When it comes to HIPAA violation fines, the penalty can range from $50,000 to as high as a few million dollars.
Recently some healthcare entities were forced to pay $5.5 million for violations.
In other words, not being HIPAA compliant can be detrimental to your organization.
There are many different ways one can violate HIPAA, and today we're going to talk about five of the most common. In addition, we'll provide solutions on how to avoid them in your medical practice.
According to HIPAA Journal, here are the five most common HIPAA violations:
Employees Snooping on Healthcare Records
There are situations in which you would expect your nurses, doctors, and hospital or clinic staff to look at patient records. For example, treatment solutions, payment information, and day-to-day healthcare operations.

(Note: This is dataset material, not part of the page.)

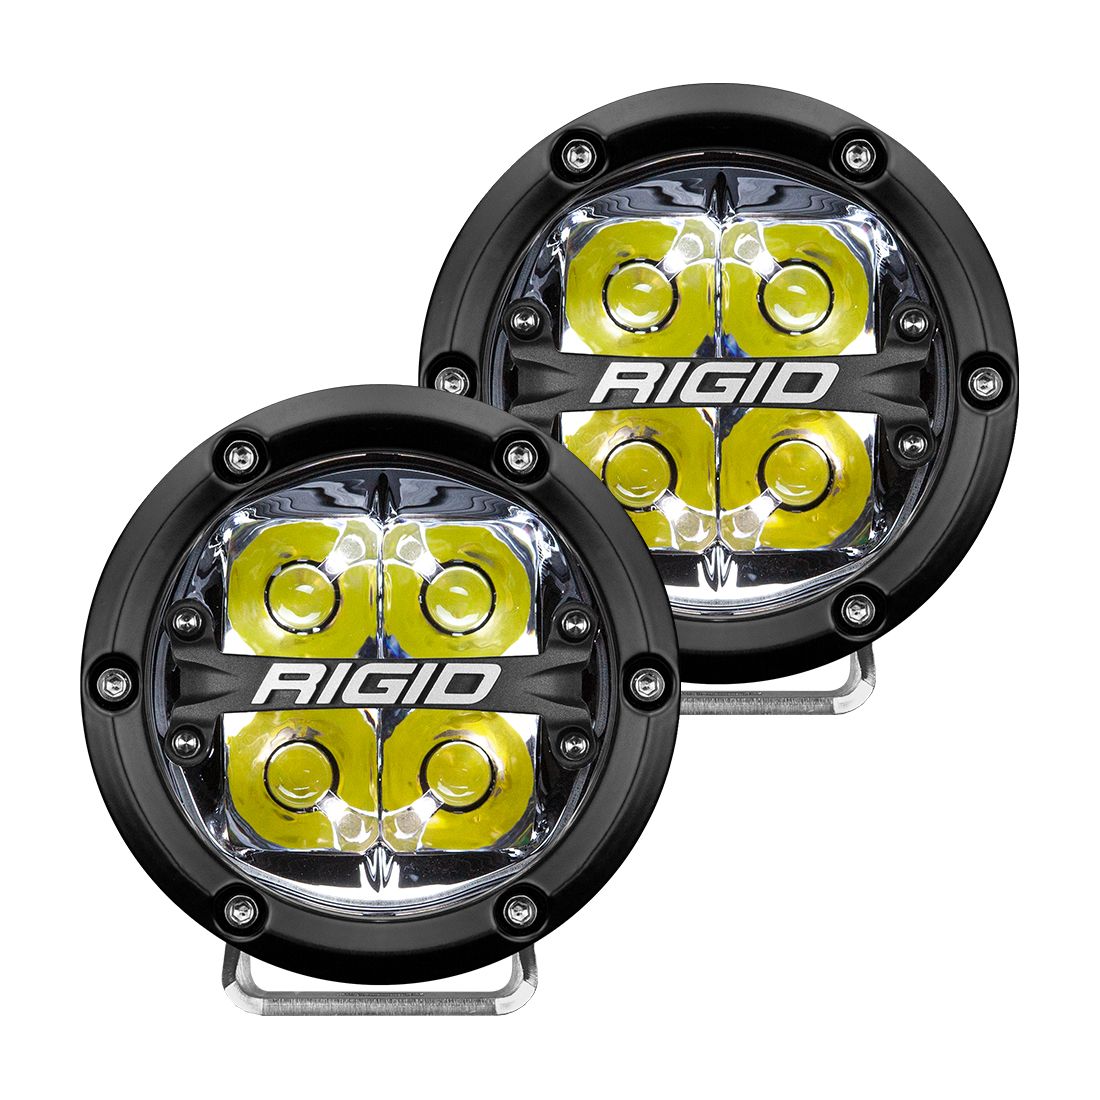 Rigid 36113 360-Series 4 Inch LED Off-Road Spot Optic with White Backlight Pair - BumperStock
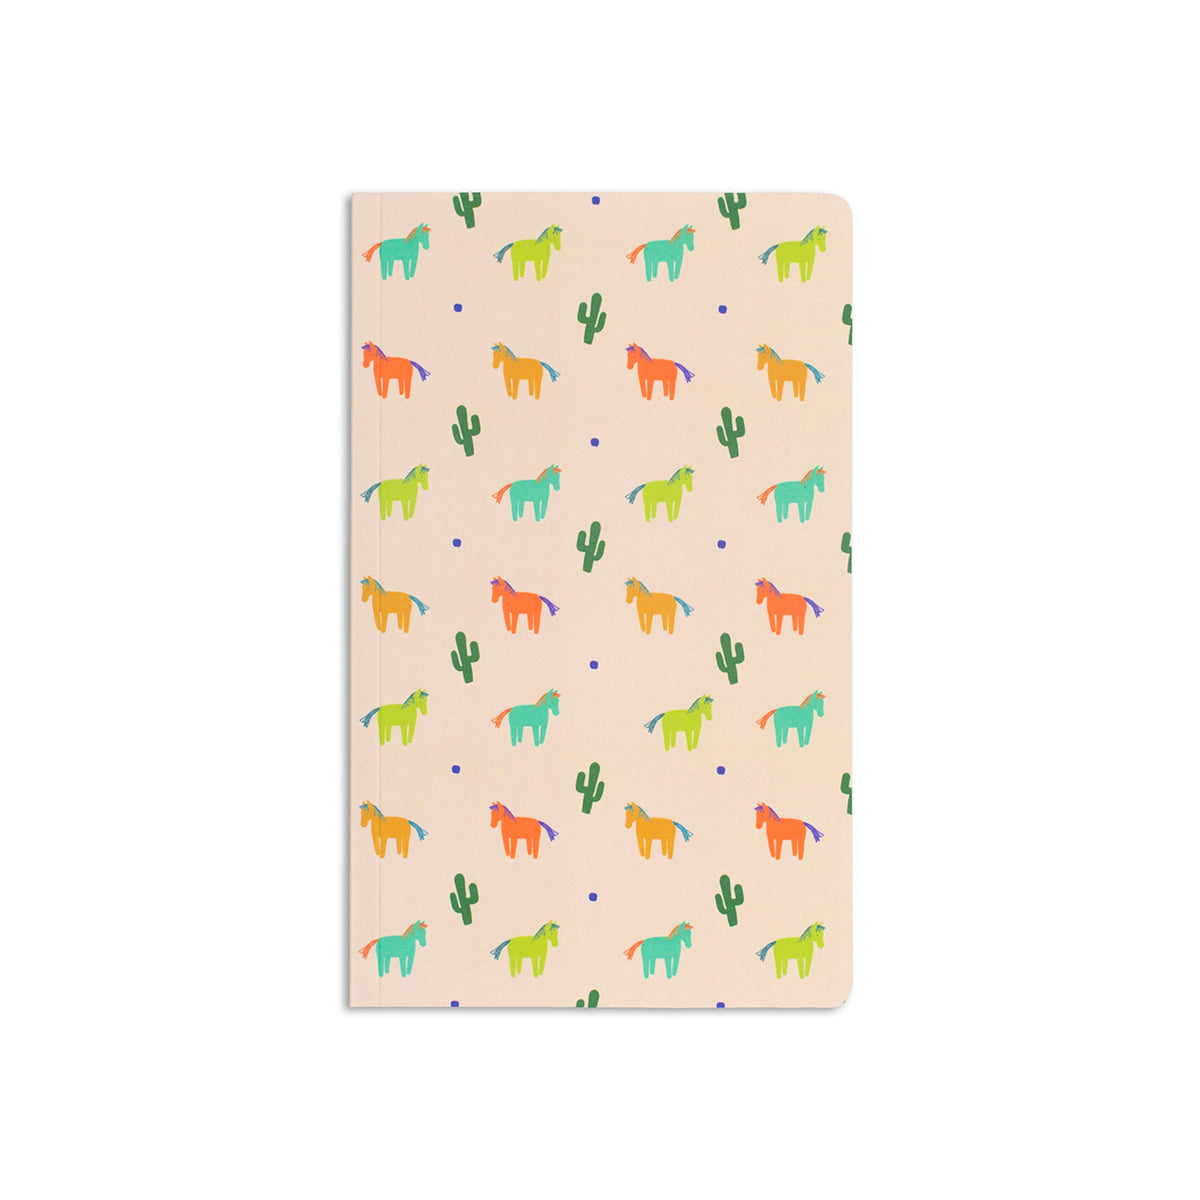 5" x 8.25" soft cover notebook with cactus and horse illustration pattern in shades of green, yellow, blue, orange

However, there are times when hospital staff should not be looking at healthcare records — particularly when they do not have the proper authority to view them.
The most popular case involving this type of violation involves the University of California Los Angeles Health System, where a doctor accessed the records of patients without authorization over 300 times. This violation resulted in fines of nearly $1 million and prison time for the doctor.
The Solution: While you should trust every employee working at your healthcare practice, you still need to implement the proper precautionary measures to ensure this doesn't happen at your practice.
First, you need to make sure that patient information is only available for those who need it and have the authority to access the medical records.
Second, it's essential to teach your employees not to try and look at patient data that they don't have the authority to do so. Specifically, make sure to address the ethics behind this and how it is wrong to do so — as well as the penalties that come with it, including prison time.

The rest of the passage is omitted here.